→ Exercise details:
Would you please write out each of the entries below exactly, omitting pictures?

→ Records from a dataset:
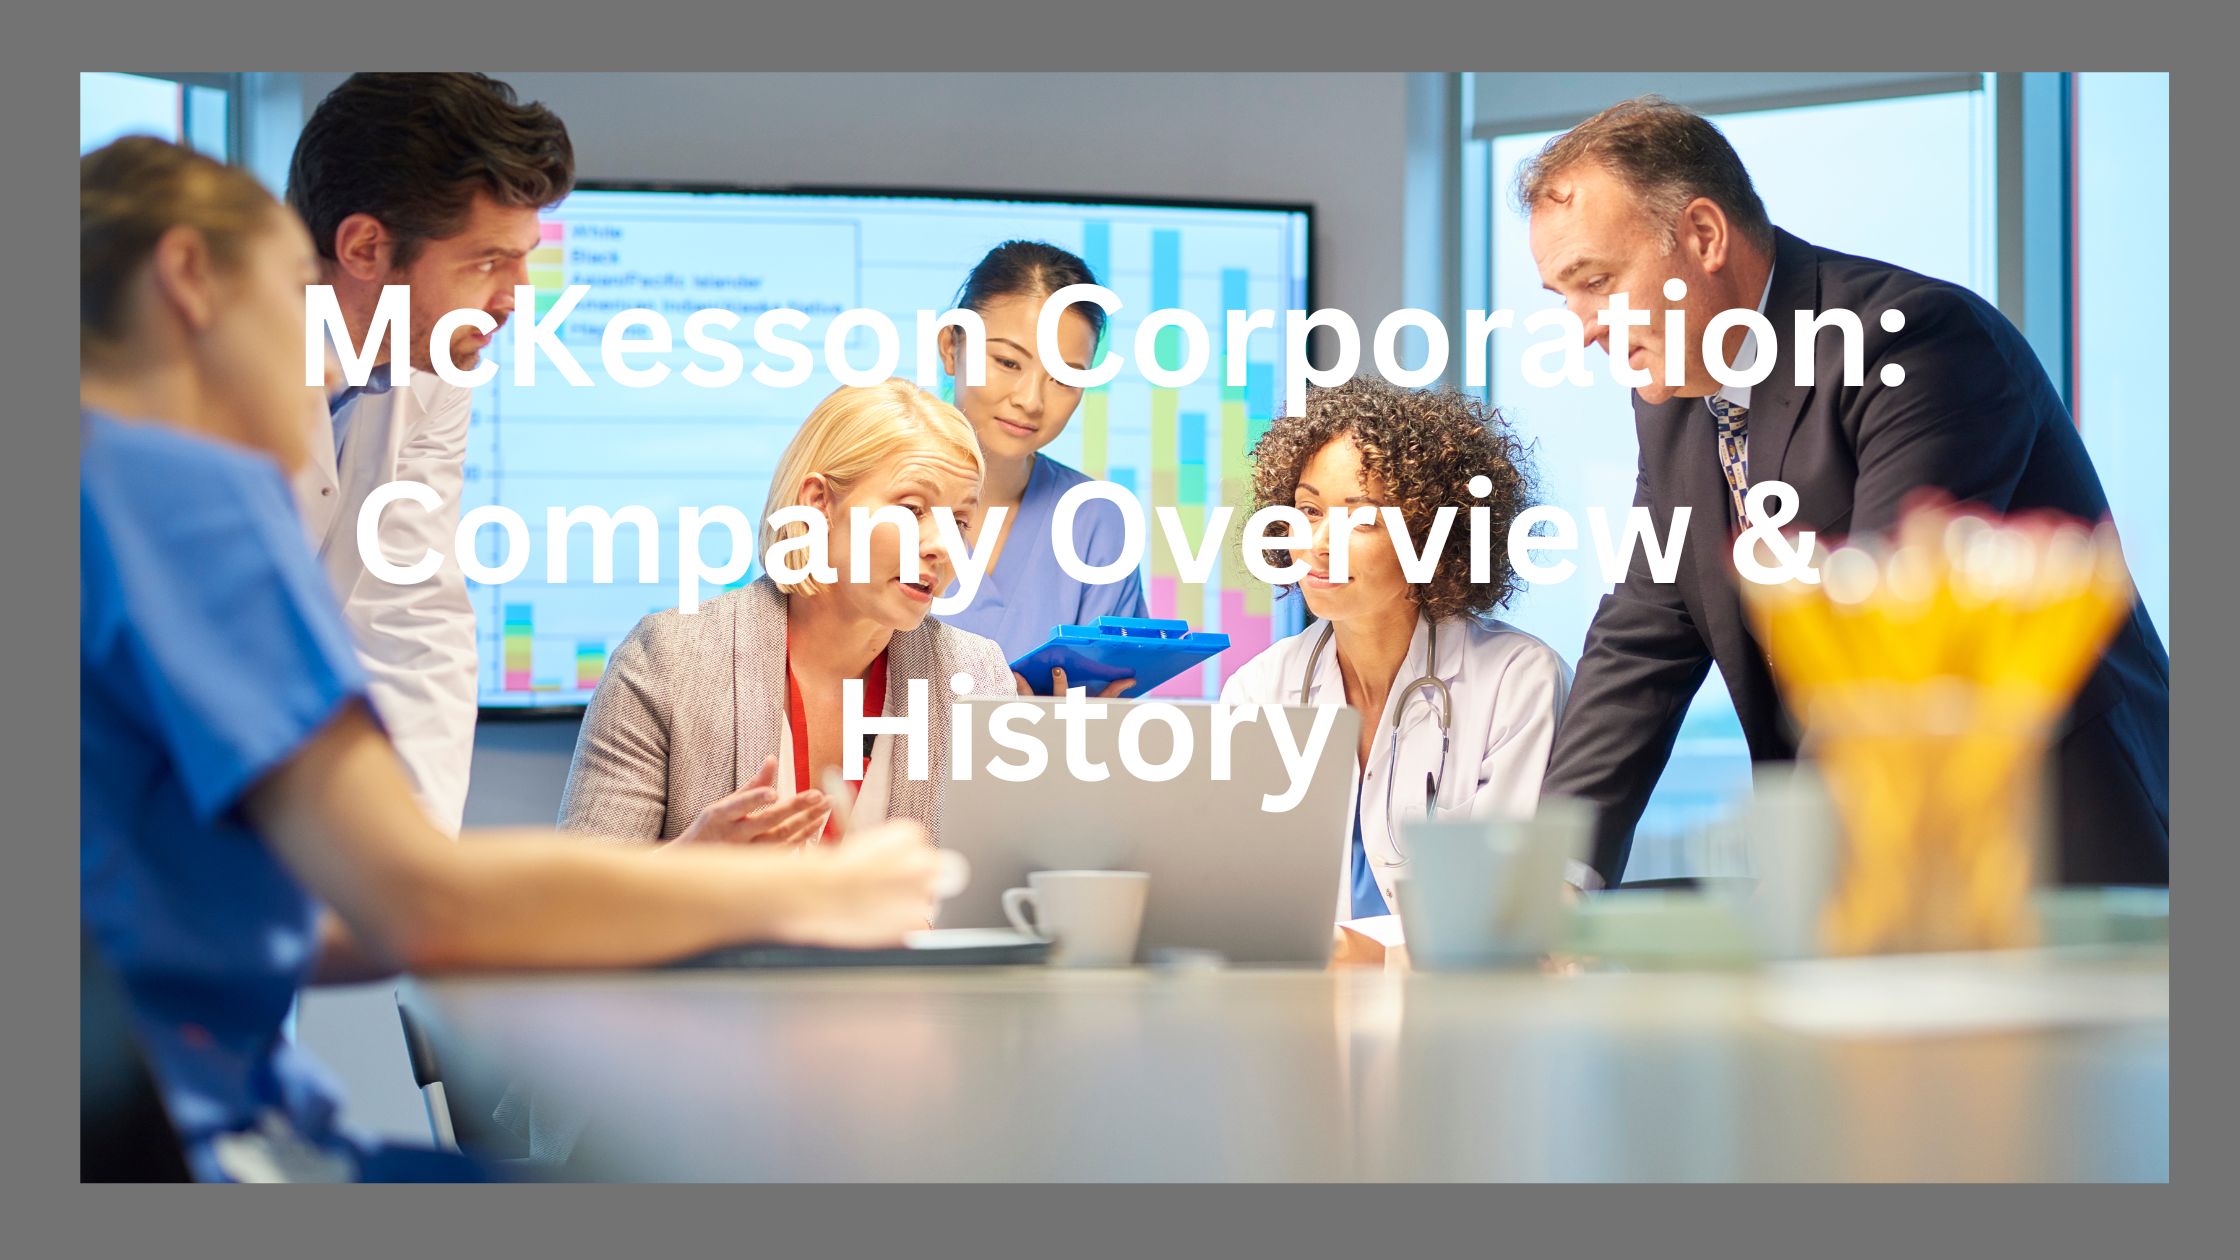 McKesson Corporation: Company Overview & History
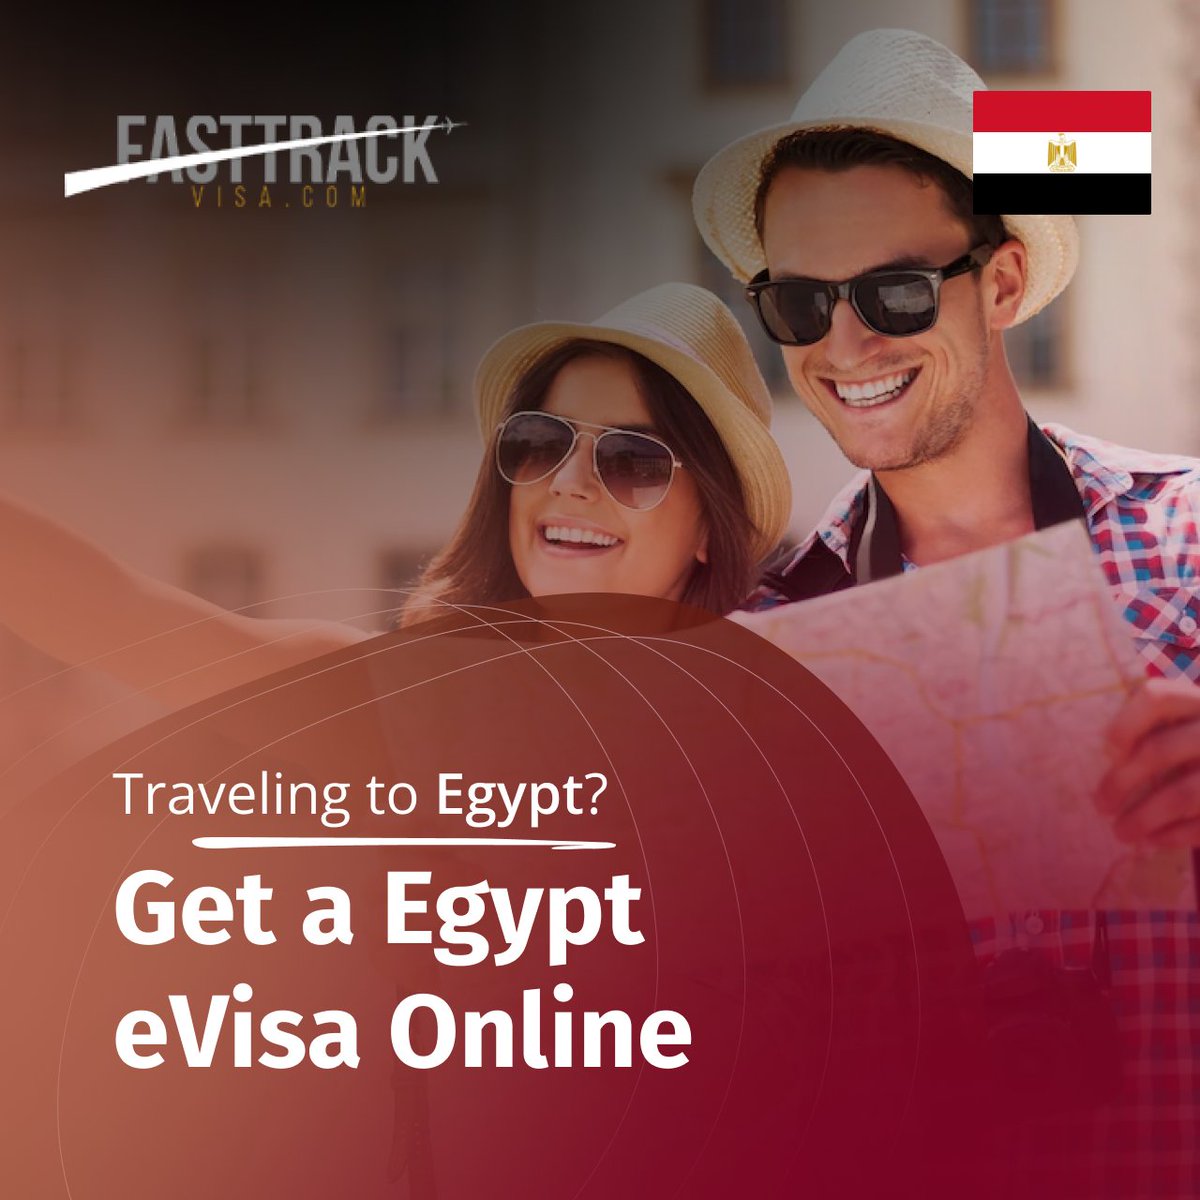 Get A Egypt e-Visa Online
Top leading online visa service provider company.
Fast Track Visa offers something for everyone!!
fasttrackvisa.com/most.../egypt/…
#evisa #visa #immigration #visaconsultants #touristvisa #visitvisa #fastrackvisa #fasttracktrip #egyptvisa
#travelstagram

→ Result for this task:
 McKesson Corporation: Company Overview & History
 Get A Egypt e-Visa Online
Top leading online visa service provider company.
Fast Track Visa offers something for everyone!!
fasttrackvisa.com/most.../egypt/…
#evisa #visa #immigration #visaconsultants #touristvisa #visitvisa #fastrackvisa #fasttracktrip #egyptvisa
#travelstagram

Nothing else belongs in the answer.